#### [WORK TASK]
Repeat the listing that follows exactly. Pictures are not part of the copy.

#### [SUPPLIED DATA]
^^^^
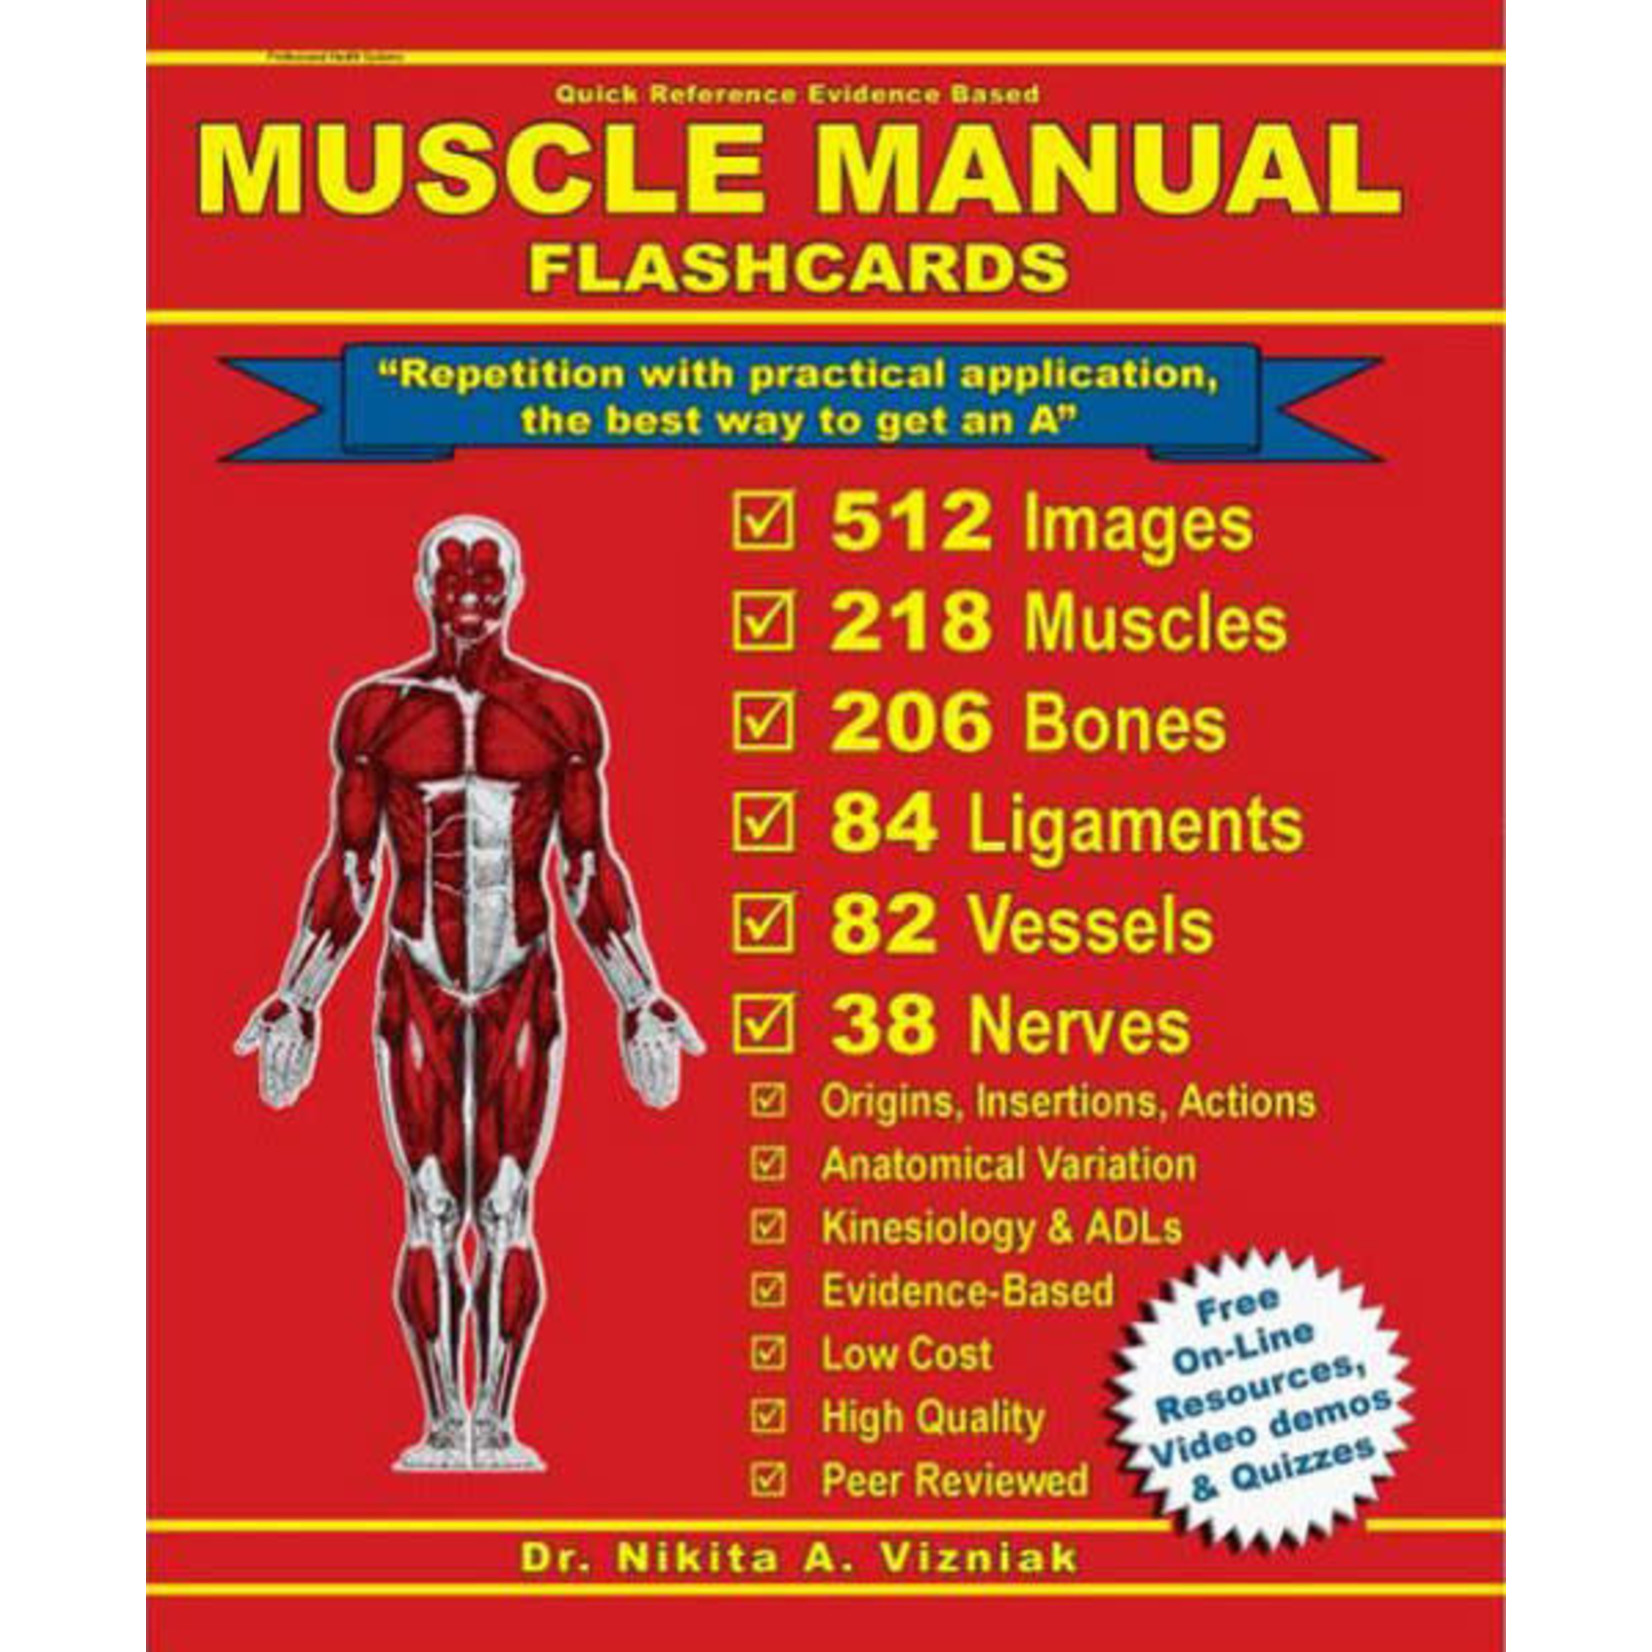 PROHEALTHSYS PROHEALTHSYS MUSCLE MANUAL FLASHCARDS
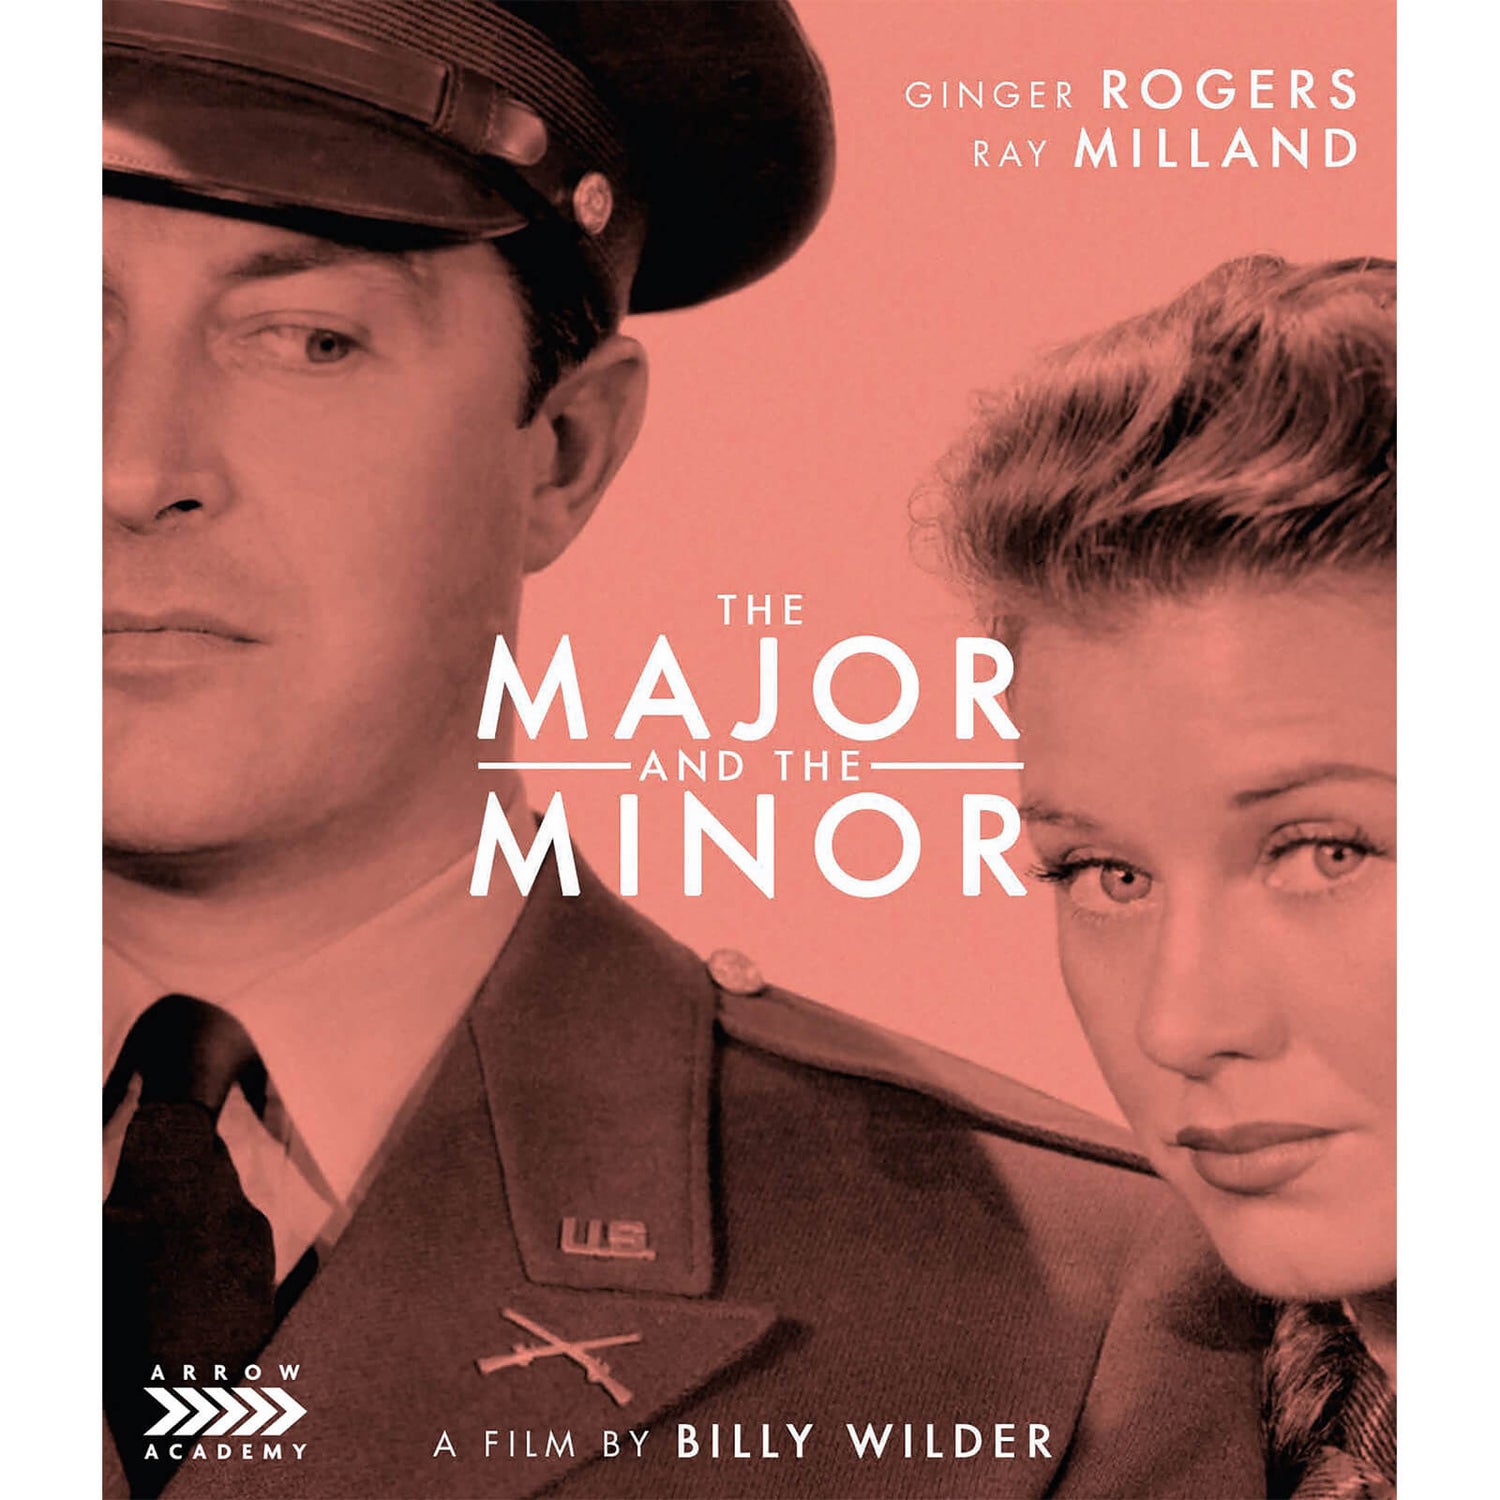 The Major And The Minor Blu-ray
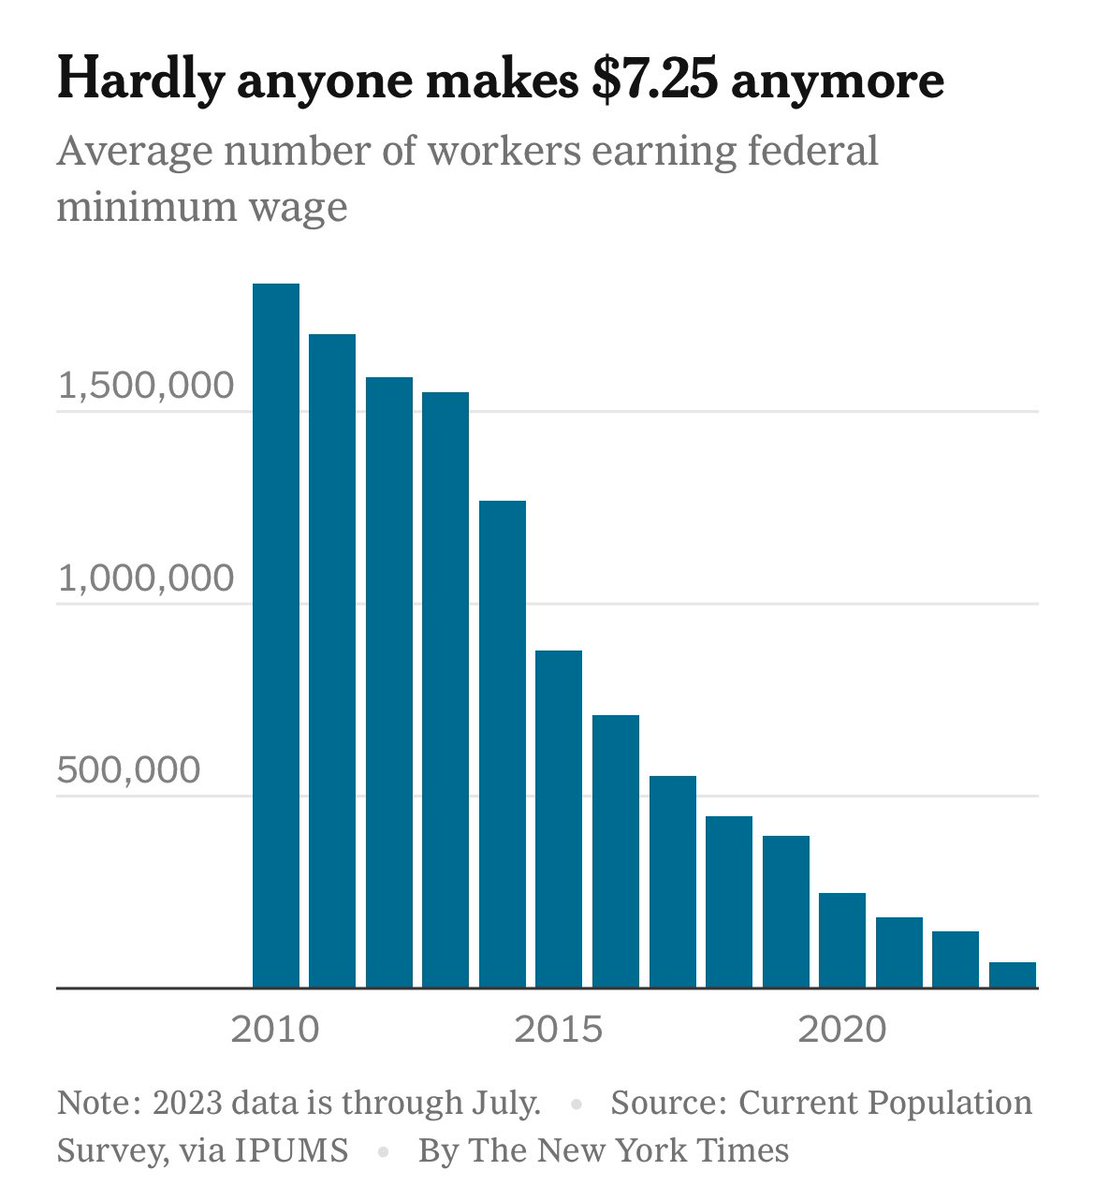 People don't really seem to have internalized that $7.25 is such a low wage that the US functionally doesn't have a federal minimum anymore. Only about 68,000 people earned the federal minimum wage in the first seven months of 2023, less than one in 1,000 workers (0.1%).
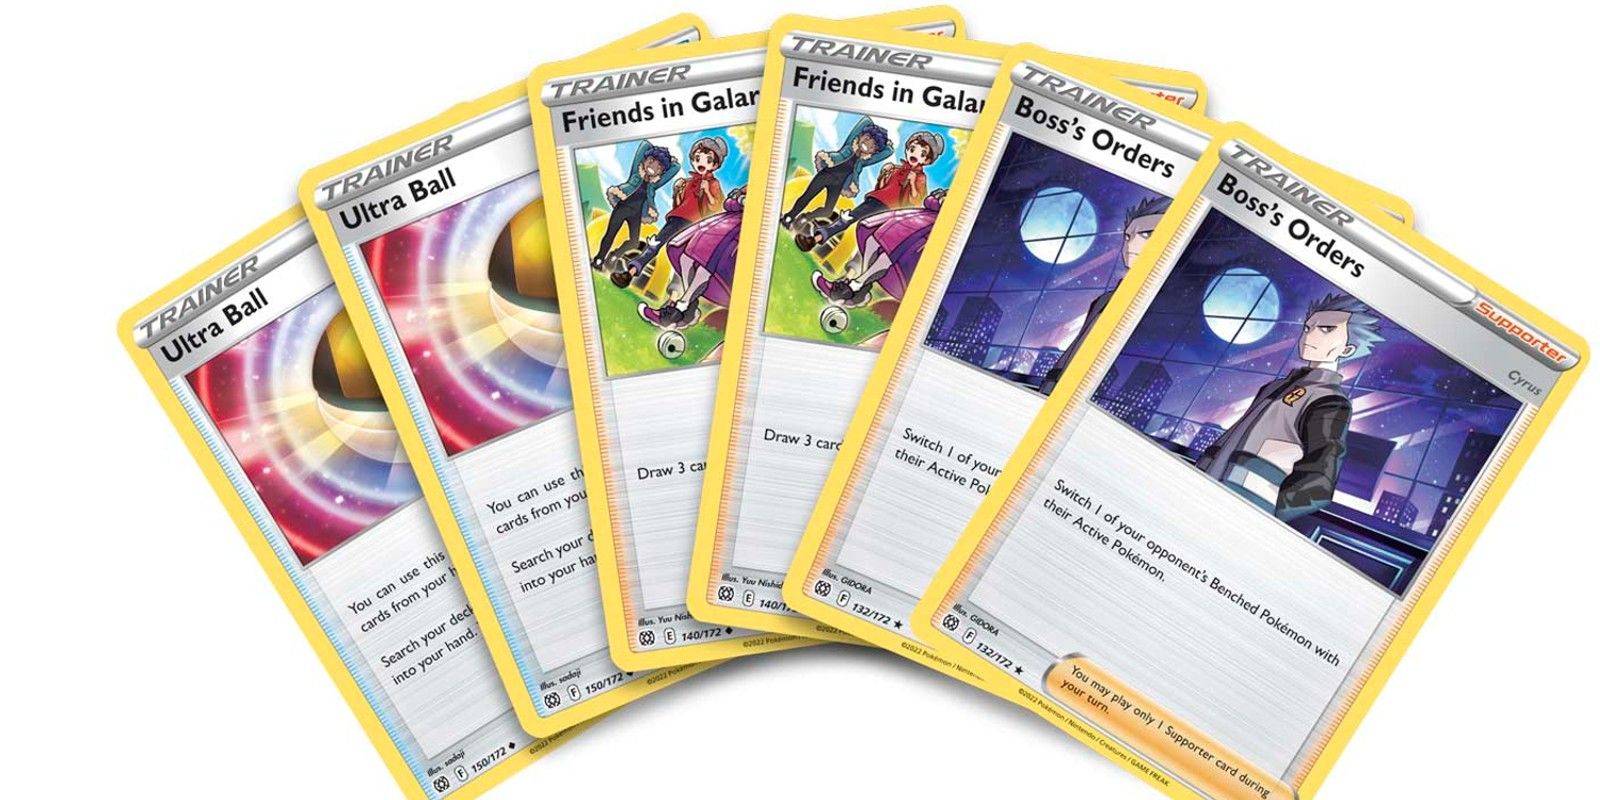 Image of each of the additional trainer cards that are included in the exclusive bundle version of both V Battle Decks. From left to right: two Ultra Balls, two Friends in Galar, and two Boss's Orders
^^^^
#### [WRITTEN ANSWER]
 PROHEALTHSYS PROHEALTHSYS MUSCLE MANUAL FLASHCARDS
 The Major And The Minor Blu-ray
 People don't really seem to have internalized that $7.25 is such a low wage that the US functionally doesn't have a federal minimum anymore. Only about 68,000 people earned the federal minimum wage in the first seven months of 2023, less than one in 1,000 workers (0.1%).
 Image of each of the additional trainer cards that are included in the exclusive bundle version of both V Battle Decks. From left to right: two Ultra Balls, two Friends in Galar, and two Boss's Orders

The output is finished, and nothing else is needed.